What will they learn? These interfaith events inevitably follow the same script. First, Hendi will tell these trusting Infidels all about the Five Pillars of Islam: the Shehada (the Profession of Faith), Salat (the five daily prayers), Zakat (the obligatory charitable giving to other Muslims), Sawm (the fasting at Ramadan), and Hajj (the pilgrimage to Mecca that is required of all Muslims who can afford it, at least once in their lives). And what fun it is for those Interfaith Christians and Jews to learn those exotic words: Shehada, Salat, Zakat, Sawm, Hajj. Already you think you are learning something of value.
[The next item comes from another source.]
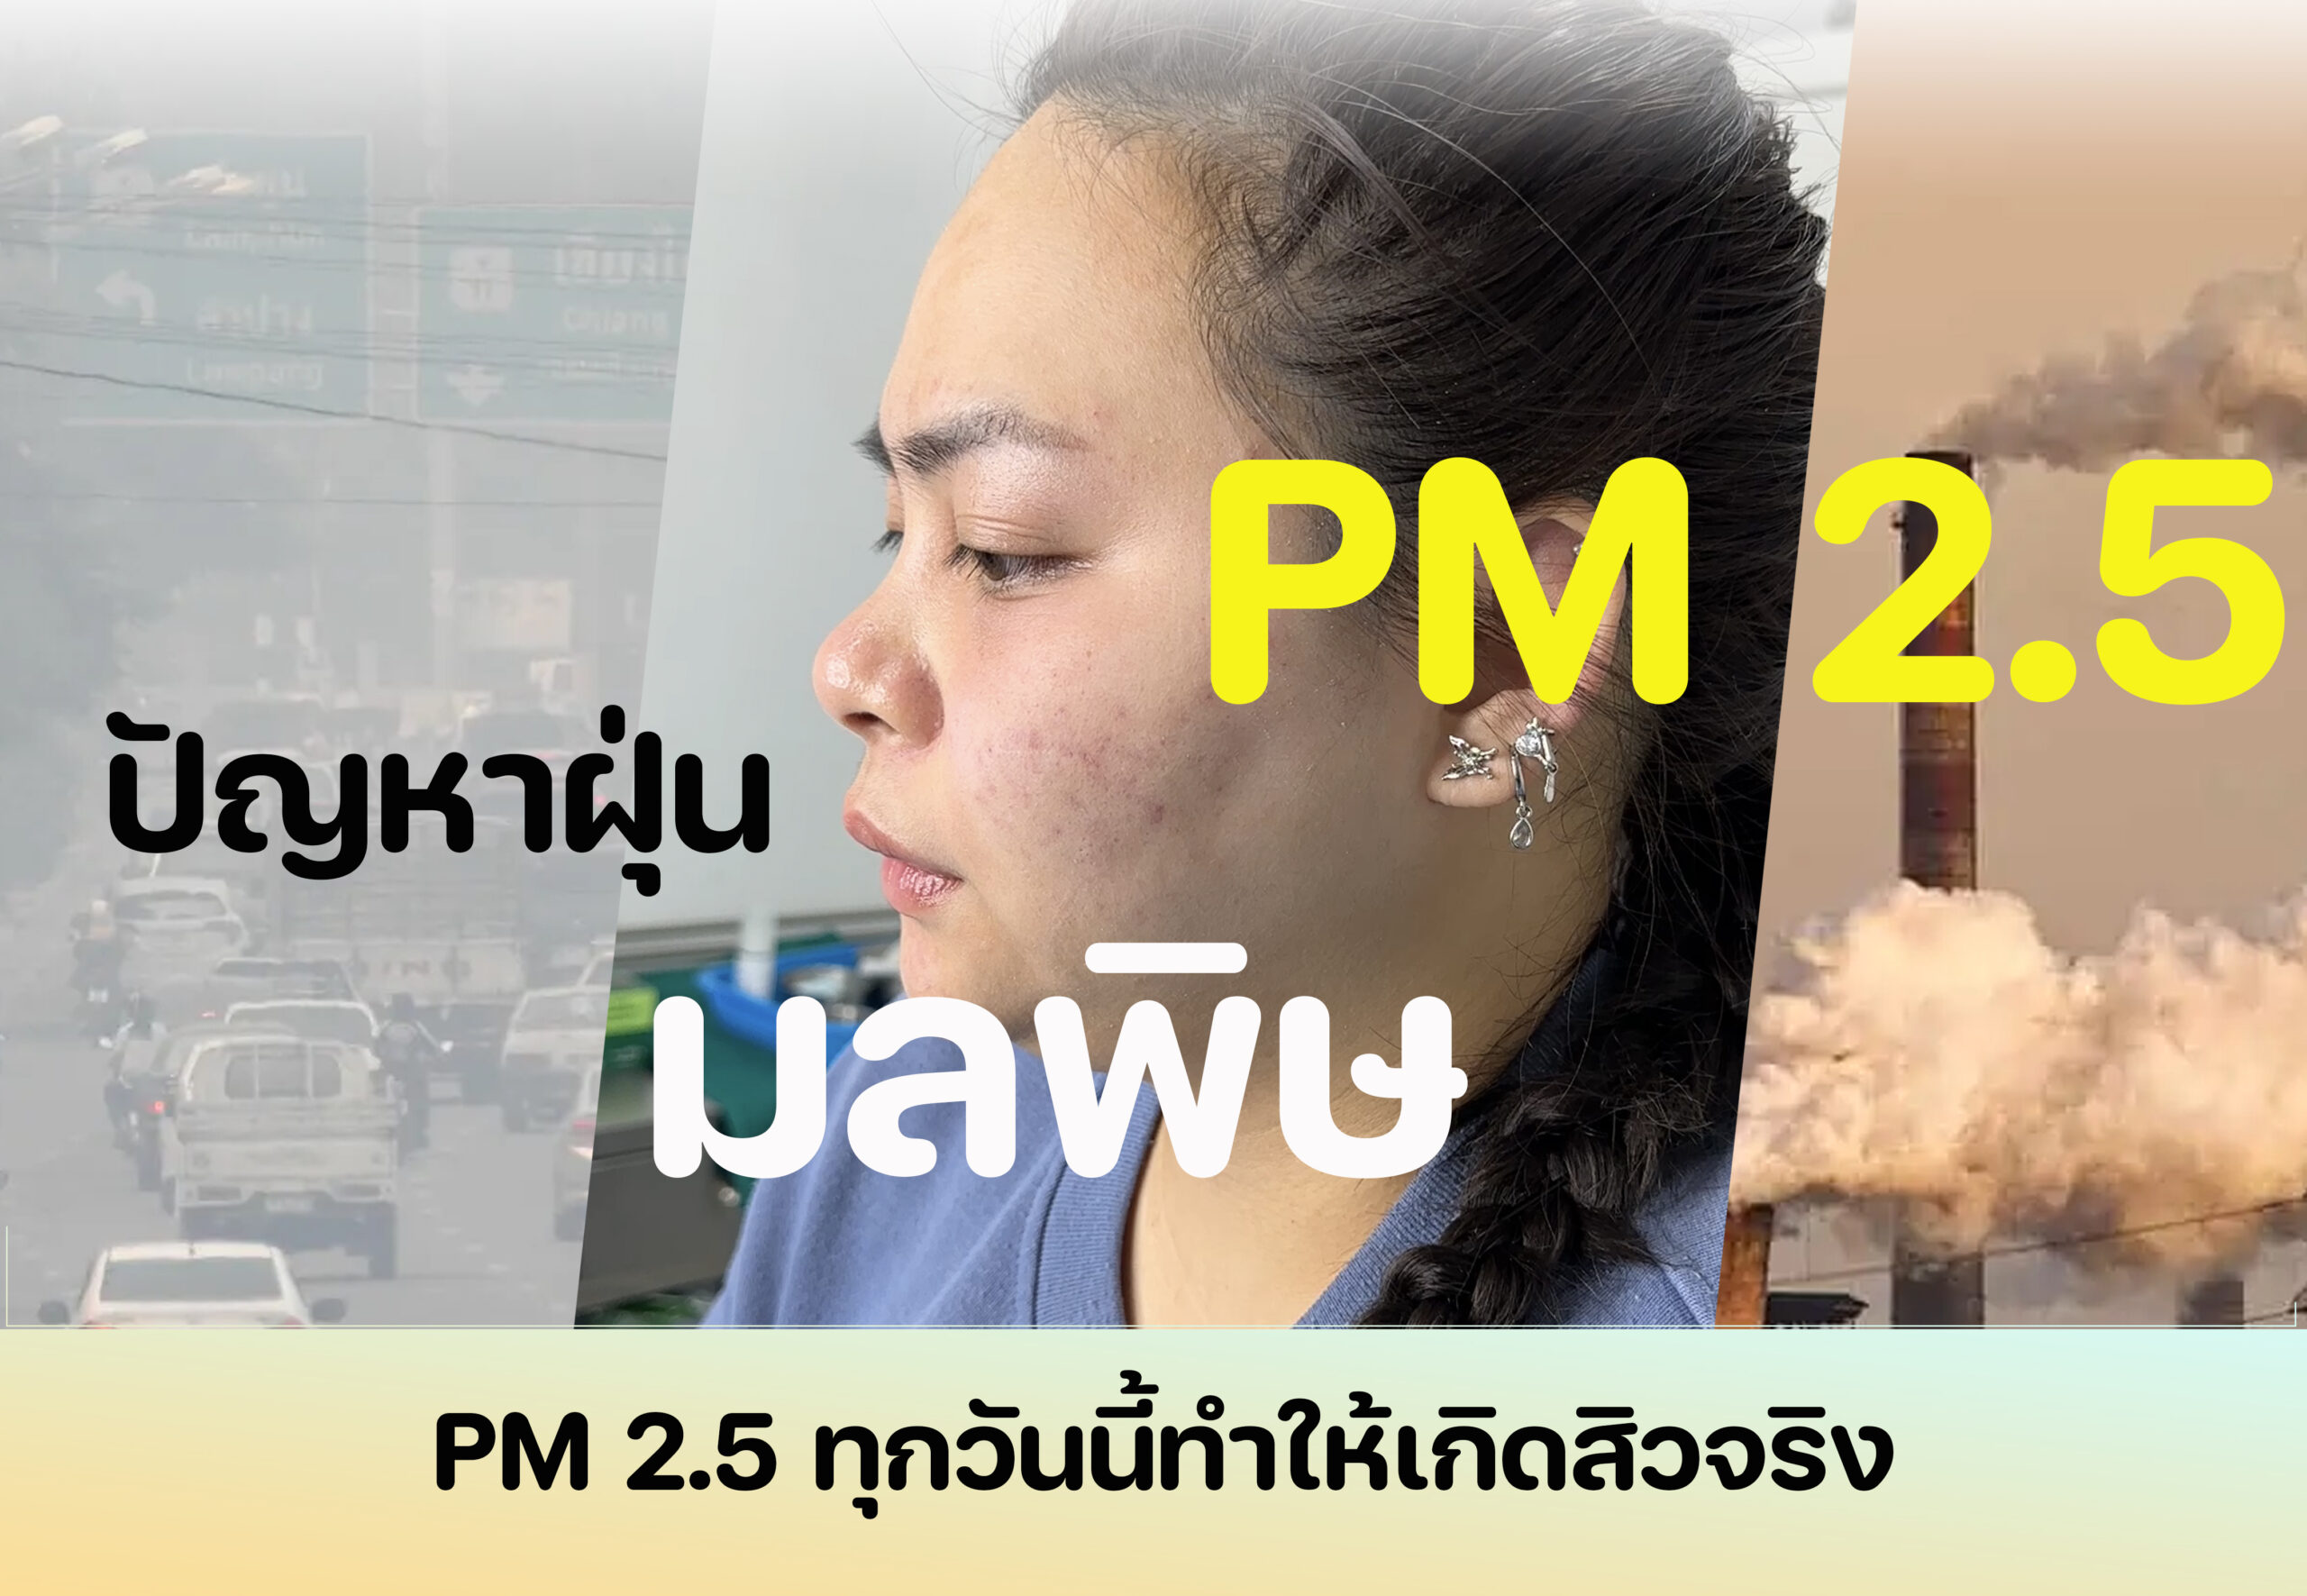 PM 2.5 เป็นสิ่งที่เลี่ยงไม่ได้ในปัจจุบัน ทำให้เคสเป็นสิวมากขึ้นเรื่อยๆ แม้พ้นวัยรุ่นแล้วก็ตามหรือไม่

And then you will be told by Hendi that the very word “Islam” means “peace.” He’ll ask a series of rhetorical questions: “Was Pope Francis wrong when he proclaimed that “authentic Islam and the proper reading of the Quran are opposed to every form of violence”? Was President Bush wrong when he said that “the face of terrorism is not the true face of Islam. That’s not what Islam is all about. Islam is peace”? Was President Obama wrong when he said that “For more than a thousand years, people have been drawn to Islam’s message of peace…Islam is rooted in a commitment to compassion and mercy and justice and charity?” That should impress the doubters.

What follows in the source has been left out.